Willy Rozenbaum a pris de l’âge. A 74 ans, il continue de consulter à
l’hôpital Saint-Louis. Quand on l’interroge sur d’éventuels rapprochements
entre les deux épidémies, il reste un brin perplexe. Puis rappelle que toute
nouvelle épidémie a vu une course aux médicaments effrénée, avec des
dérapages inouïs. Ainsi en France, en 1985, ce sont deux grands pontes de la
médecine qui ont vanté devant des médias ébahis les mérites de la
cyclosporine (un médicament antirejet) pour guérir du sida, cela dans une
conférence de presse recevant l’appui de la ministre de l’époque.

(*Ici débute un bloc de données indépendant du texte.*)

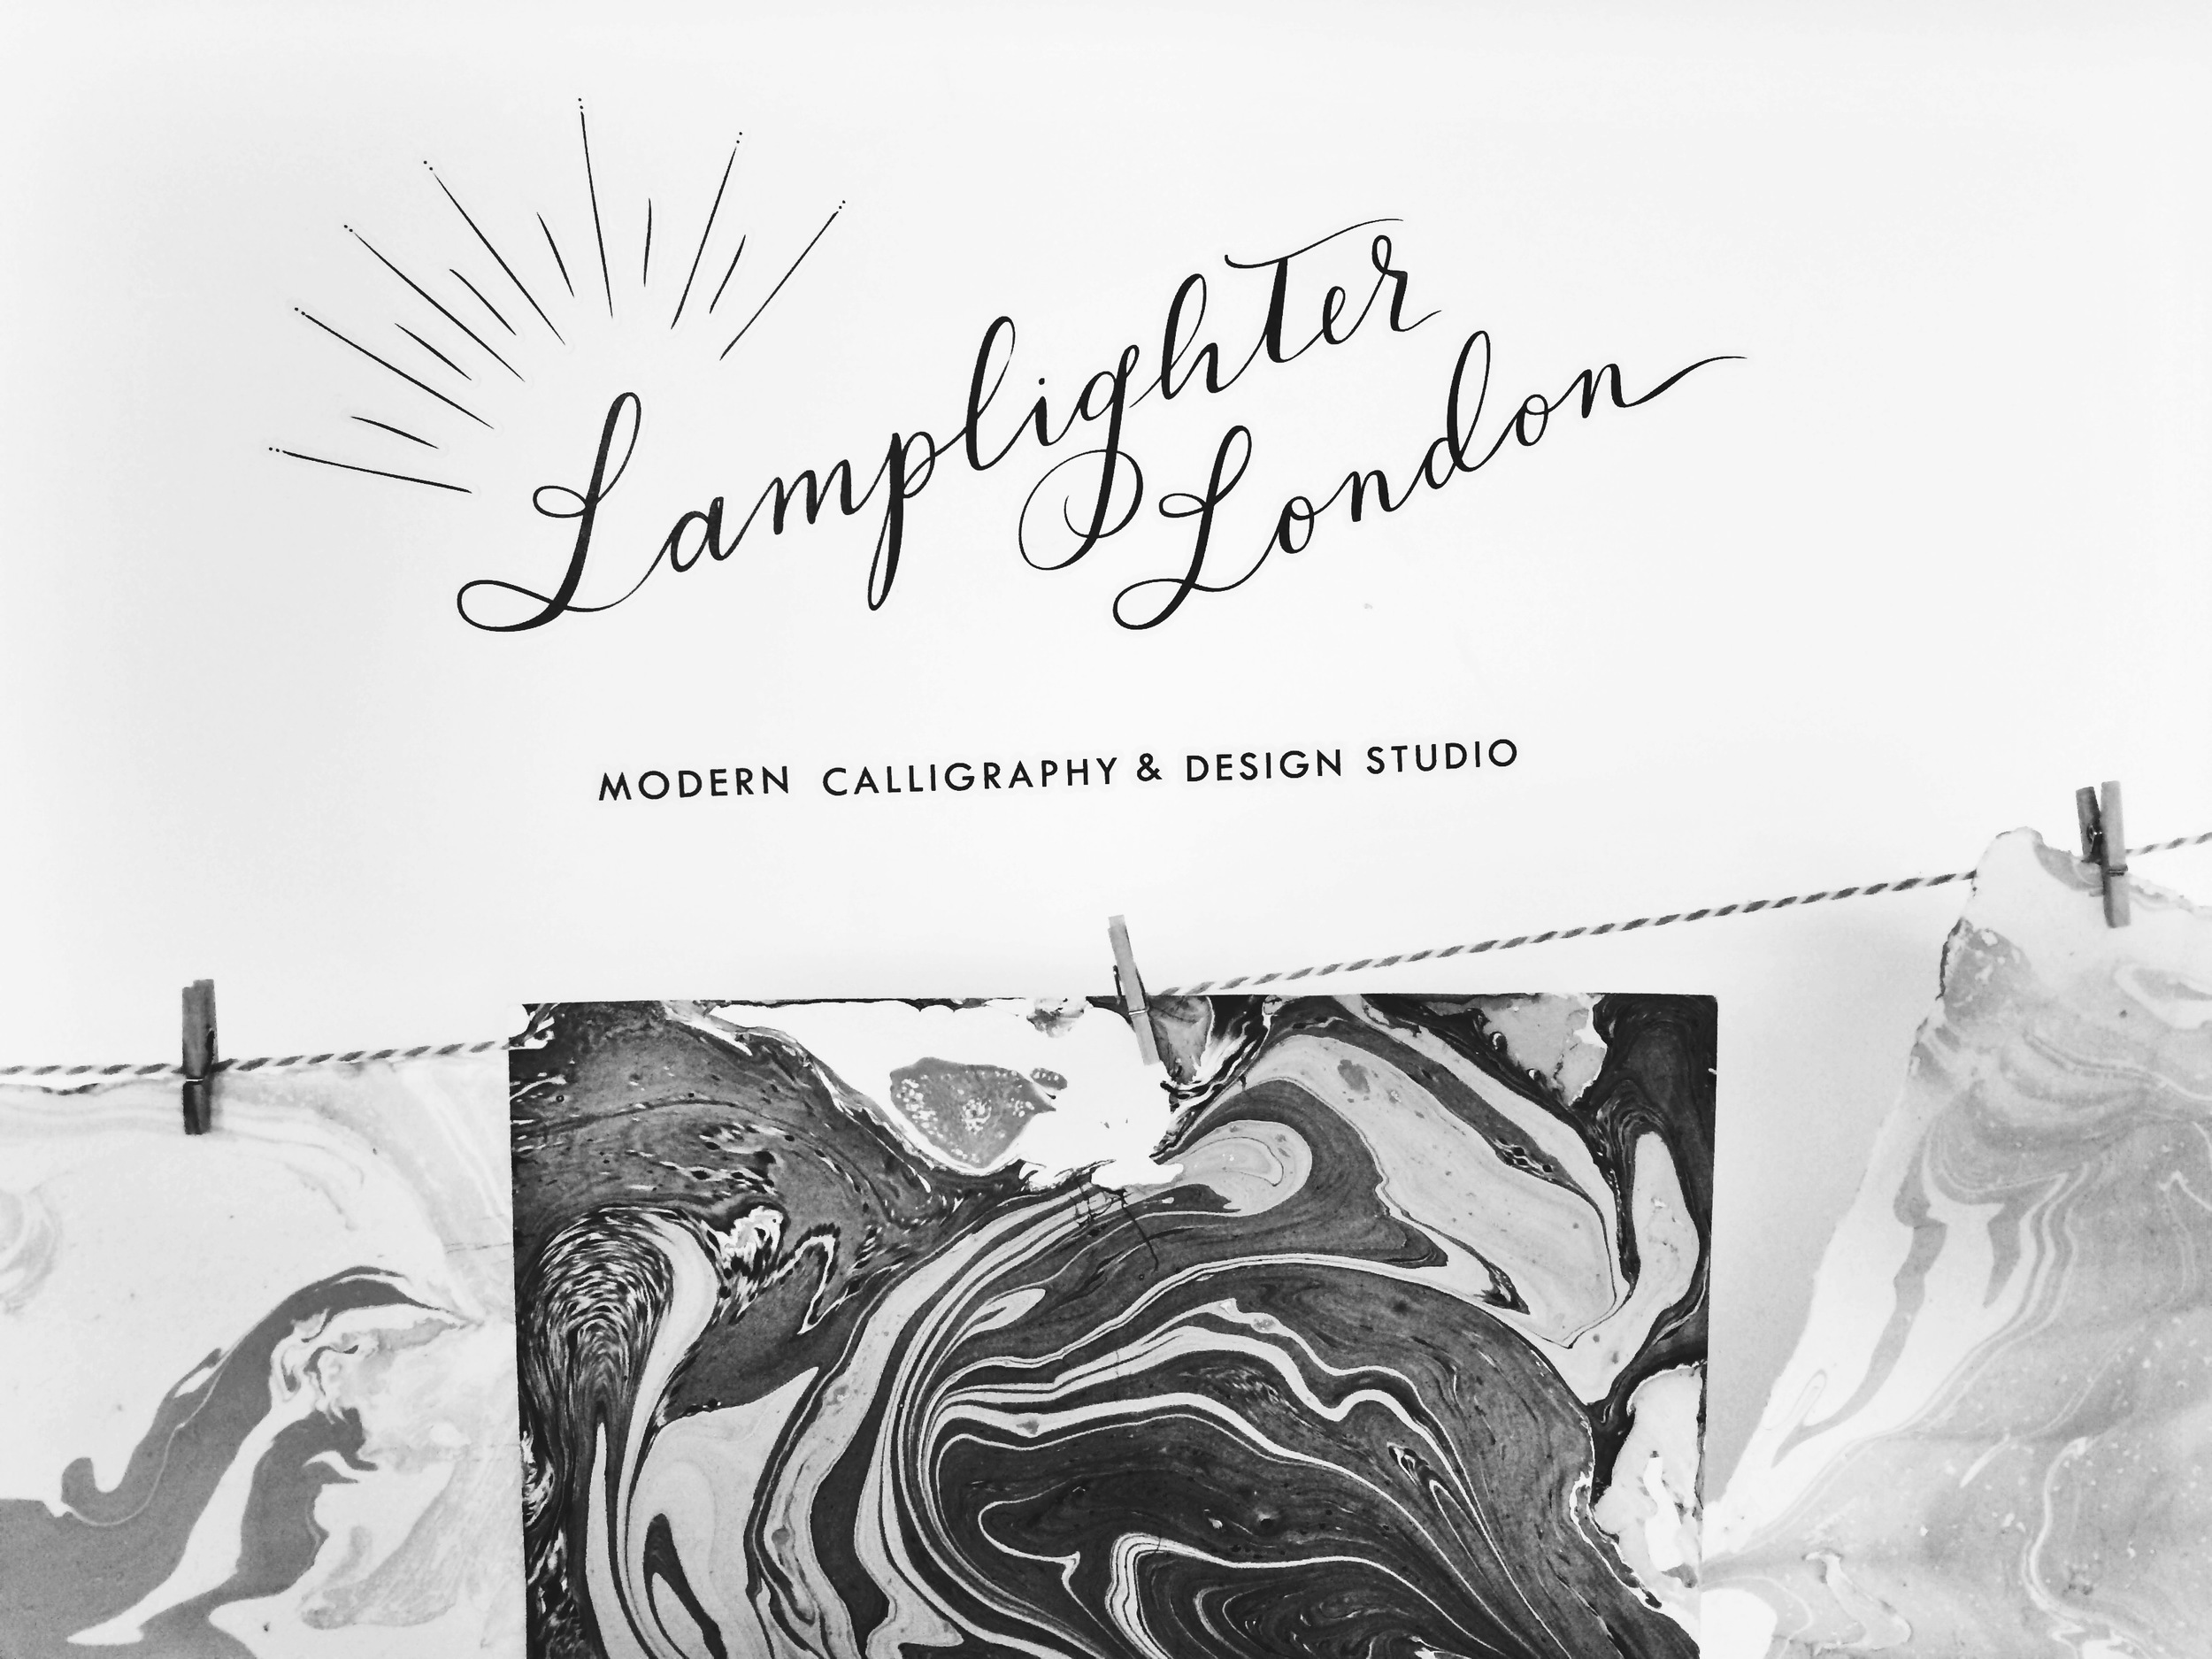 Lamplighter London | Modern Calligraphy & Design Studio

Quelques
jours plus tard, on apprenait que tous les patients étaient morts. «Il y a eu
aussi de la précipitation, poursuit Willy Rozenbaum. Avec le HPA-23, par
exemple, qui en 1985 a fait venir à Paris des grands d’acteurs d’Hollywood,
comme Rock Hudson, pour se faire soigner.»

Le mouvement s’est poursuivi avec le premier médicament, l’AZT.


Rozenbaum : «Il y avait une telle pression, une telle demande… En 1986,
un essai contrôlé AZT contre placebo a été lancé. Mais l’essai a été arrêté
car il y a eu assez vite plus de décès versant placebo que dans celui avec
l’AZT. Mais on l’a arrêté de fait trop tôt, car ce n’est qu’après que l’on a vu
que l’AZT avait des effets bien limités.» Willy Rozenbaum, comme d’autres
qui ont vécu ces années-là, insiste sur «l’intérêt irremplaçable d’études bien
menées».

«Mais l’émotion était la même, souligne-t-il, et l’urgence. Au début, nous


n’avions pas de tests, il y avait un décalage énorme entre le nombre de
personnes malades et le nombre de personnes infectées et sans symptômes.
On ne savait pas quelle était la réalité de l’étendue de
l’épidémie. Aujourd’hui, c’est un peu la même inconnue. On doit être à au
moins un million de cas.»

A LIRE AUSSI
Covid-19 : peut-on connaître le nombre réel de cas en France ?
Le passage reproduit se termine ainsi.